Investigating officers are permitted to draw conclusions based on their interviews with those involved in an accident, and to include those in their accident report. In Wentz v. Unifi, 89 N.C. App. 33, 365 S.E.2d 198 (1988), the court held, “Trooper Yates was entitled to report his understanding of the accident as told to him by both plaintiff and defendant.” Id. at 40, 365 S.E.2d at 201.
Similarly, in Keith v. Polier, 109 N.C. App. 94, 425 S.E.2d 723 (1993), plaintiff objected to the admissibility of certain statements made by a driver at the scene of an accident. The driver had died sometime after the accident, unrelated to any injuries suffered at the scene. The court of appeals found that the statements were admissible, simply because they were contained within the accident report, and the report was admissible as a record of regularly conducted activity. The court said:
By plaintiff's first assignment of error, she contends that the trial judge erred in admitting the testimony of Officer Simmons concerning statements made by the decedent, Patrick John Ray at the scene of the accident. She argues that the testimony of Officer Simmons was offered “for the truth of the matter asserted” and was therefore inadmissible hearsay pursuant to N.C. Gen. Stat. § 8C-1, Rule 802 of the Rules of Evidence. Defendant asserts in response that Officer Simmons’ investigative report was admissible pursuant to N.C. Gen. Stat. § 8C-1, Rule 803(6) of the North Carolina Rules of Evidence as a record of regularly conducted activity and Rule 803(8) as a public record and report. We agree.

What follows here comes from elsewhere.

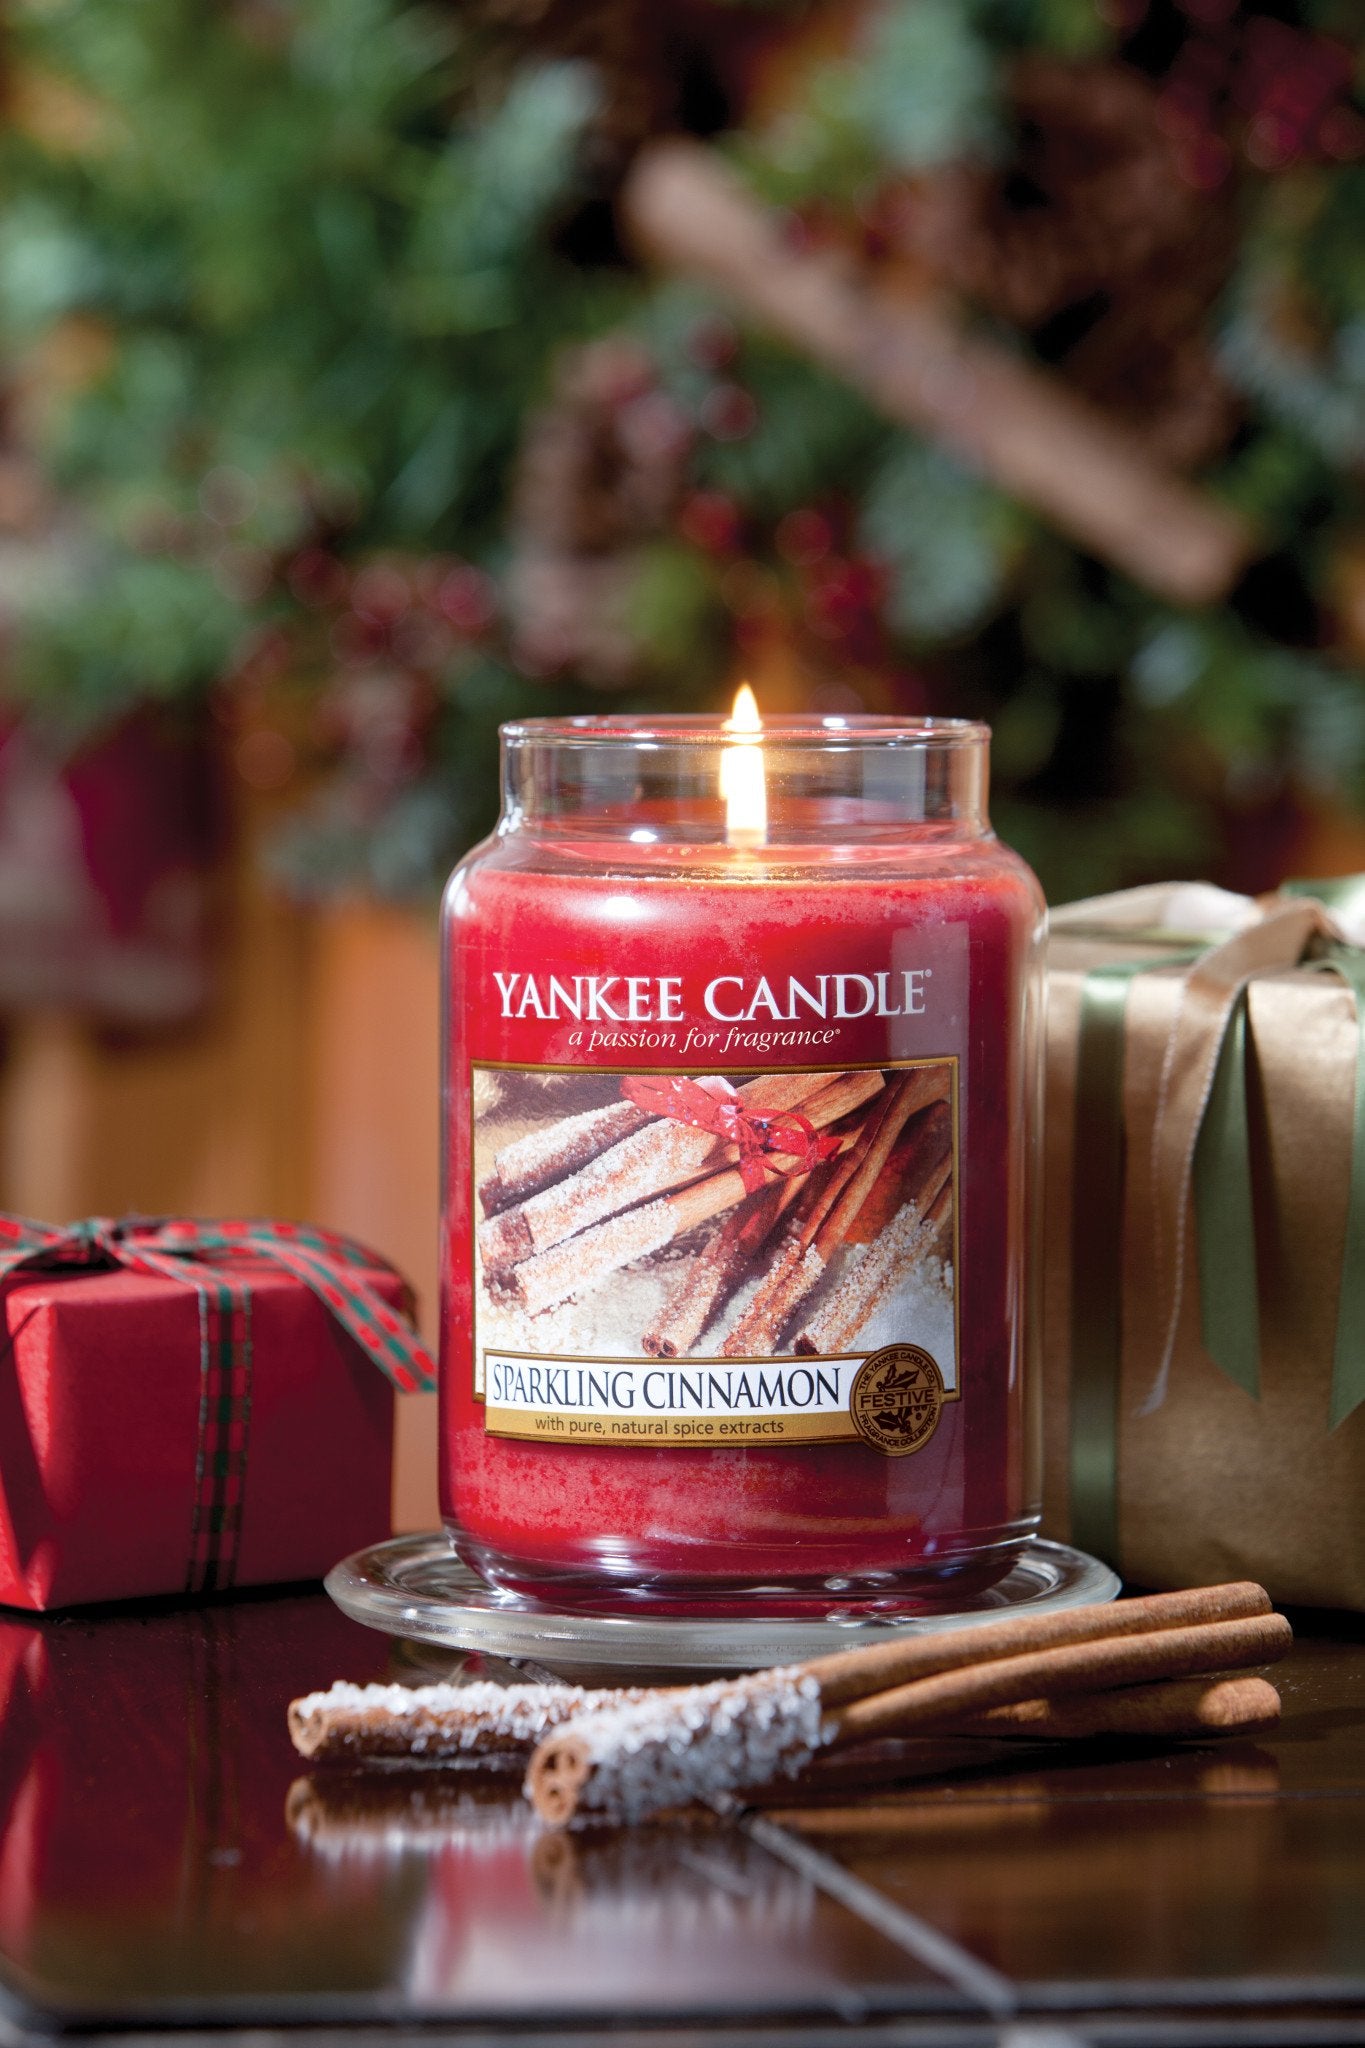 Sparkling cinnamon - Yankee Candle - Tart cera da fondere – Candle
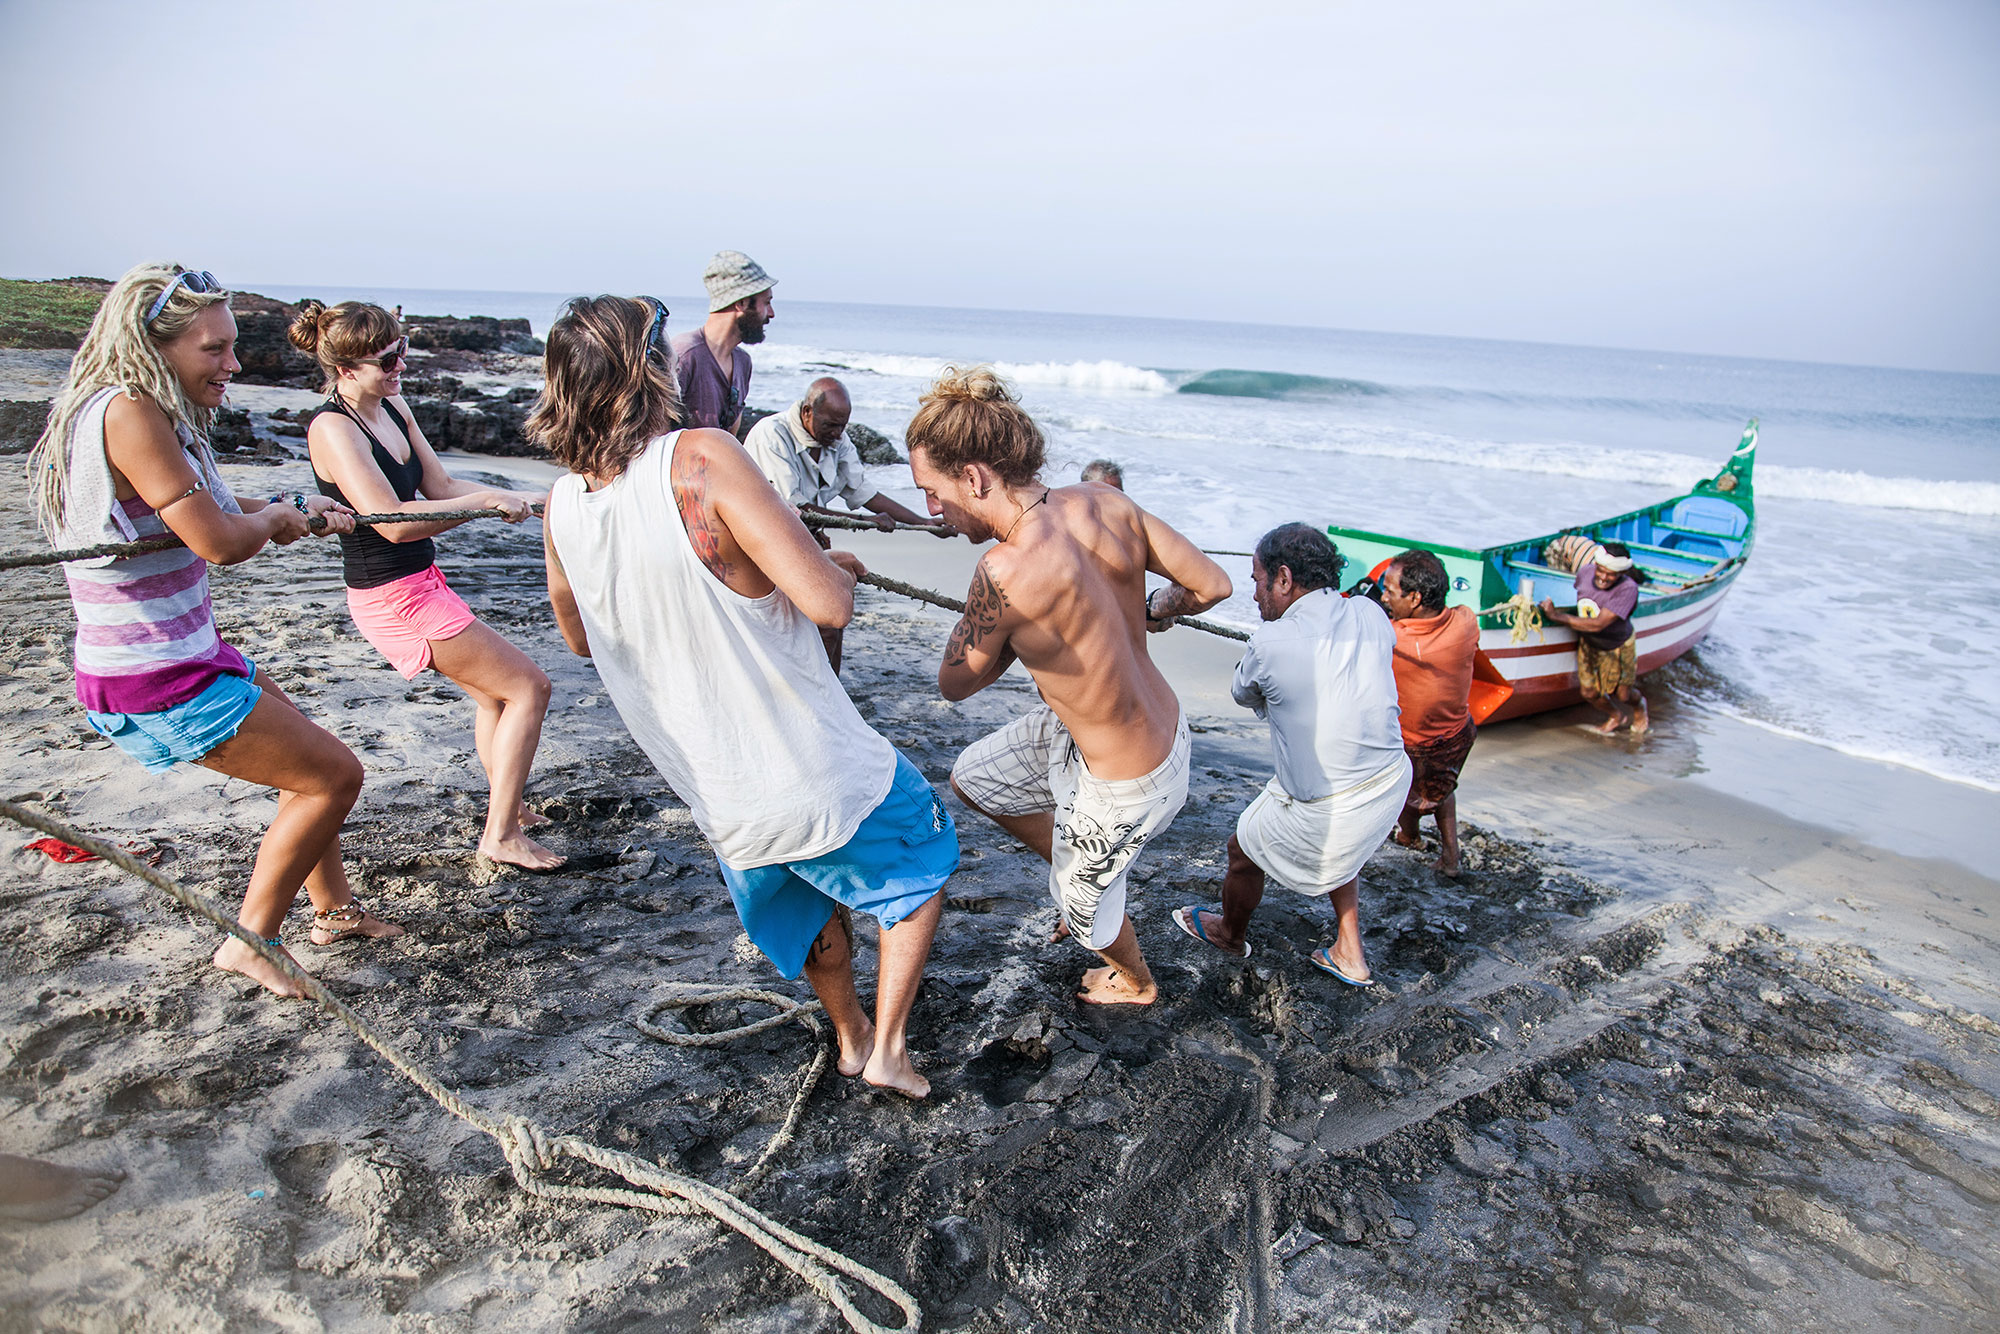 Surfers help fishermen drag their boat to the shore. PHOTO: Berta Tilmante

A trooper’s conclusions about that cause of a crash may be based on his interviews with the participants, and the statements made by such persons are properly considered a part of his report.
It is well-settled that a witness’ prior consistent statements are admissible to corroborate the witness' sworn trial testimony. State v. Harrison, 328 N.C. 678, 681, 403 S.E. 2d 301,303 (1991); State v. Magraw, 137 N.C. App. 726, 529 S.E.2d 493 (2000). Corroborative evidence by definition tends to “strengthen, confirm, or make more certain the testimony of another witness.” State v. Adams, 331 N.C. 317, 328-29, 416 S.E.2d 380, 386 (1992). Corroborative evidence need not mirror the testimony it seeks to corroborate, and may include new or additional information as long as the new information tends to strengthen or add credibility to the testimony it corroborates. State v. Petty, 132 N.C. App. 453, 458, 512 S.E.2d 428, 432 (1999).
Under both arguments an attorney should not have an issue with getting a police report admitted into evidence.